# De novo transcriptome assembly with Trinity

This tutorial will use mRNAseq reads from a small subset of data from [Nematostella vectensis](https://en.wikipedia.org/wiki/Starlet_sea_anemone) [(Tulin et al., 2013)](https://evodevojournal.biomedcentral.com/articles/10.1186/2041-9139-4-16). 

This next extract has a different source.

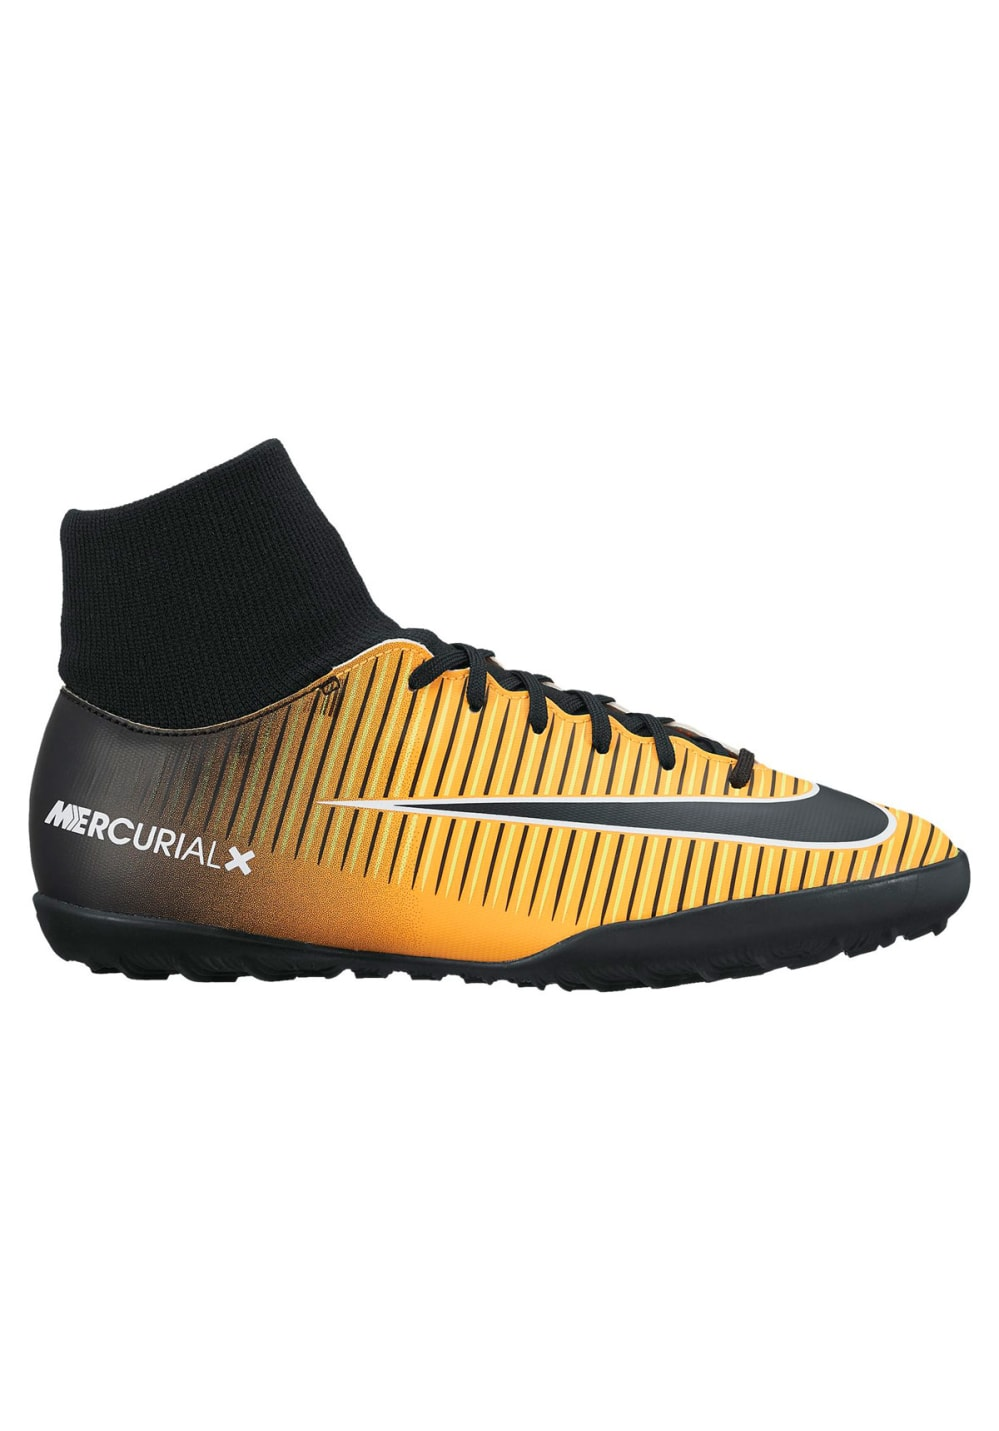 1d5ea120644 Next. Nike. Mercurial Victory VI CR7 Dynamic Fit TF - Fußballschuhe

Original RNAseq workflow protocol [here](https://khmer-protocols.readthedocs.io/en/ctb/mrnaseq/), more updated protocol [here](http://eel-pond.readthedocs.io/en/latest/).

## Installation

On a Jetstream instance, run the following commands to update the base
software:

```
sudo apt-get update && \
sudo apt-get -y install screen git curl gcc make g++ python-dev unzip \
  default-jre pkg-config libncurses5-dev r-base-core r-cran-gplots \
  python-matplotlib python-pip python-virtualenv sysstat fastqc \
  trimmomatic bowtie samtools blast2 wget bowtie2 openjdk-8-jre \
  hmmer ruby
```

Install Trinity:

```
cd ${HOME}

wget https://github.com/trinityrnaseq/trinityrnaseq/archive/Trinity-v2.3.2.tar.gz \
    -O trinity.tar.gz
tar xzf trinity.tar.gz
cd trinityrnaseq*/
make |& tee trinity-build.log
```

Assuming it succeeds, modify the path appropriately:

```
echo export PATH=$PATH:$(pwd) >> ~/.bashrc
source ~/.bashrc
cd
```

You will also need to set the default Java version to 1.8

```
sudo update-alternatives --set java /usr/lib/jvm/java-8-openjdk-amd64/jre/bin/java
```

## Then, let's check we still have our reads from the QC lesson
```
set -u
printf "\nMy trimmed data is in $PROJECT/quality/, and consists of $(ls -1 ${PROJECT}/quality/*.qc.fq.gz | wc -l) files\n\n"
set +u

```
where set -u should let you know if you have any unset variables, i.e. if the `$PROJECT` variable is not defined. 

If you see `-bash: PROJECT: unbound variable`, then you need to set the $PROJECT variable.  

```
export PROJECT=/mnt/work
```
and then re-run the `printf` code block.

NOTE: if you do not have files, please rerun quality trimming steps [here](quality-trimming.html)


## Running the Assembly!

Let's make another working directory for the assembly

```
cd ${PROJECT}
mkdir -p assembly
cd assembly
```

For paired-end data, Trinity expects two files, 'left' and 'right':

```
zcat ${PROJECT}/quality/*R1*.qc.fq.gz > ${PROJECT}/assembly/left.fq
zcat ${PROJECT}/quality/*R2*.qc.fq.gz > ${PROJECT}/assembly/right.fq
```

### Assembling with Trinity

Here is the assembly command!

```
cd ${PROJECT}/assembly
Trinity --left left.fq \
  --right right.fq --seqType fq --max_memory 14G \
  --CPU 2
```

Note that these last two parts (`--max_memory 14G --CPU 2`) configure the maximum amount of memory and CPUs to
use.  You can increase (or decrease) them based on what machines you are running on.

Once this completes, you'll have an assembled transcriptome in
`${PROJECT}/assembly/trinity_out_dir/Trinity.fasta`.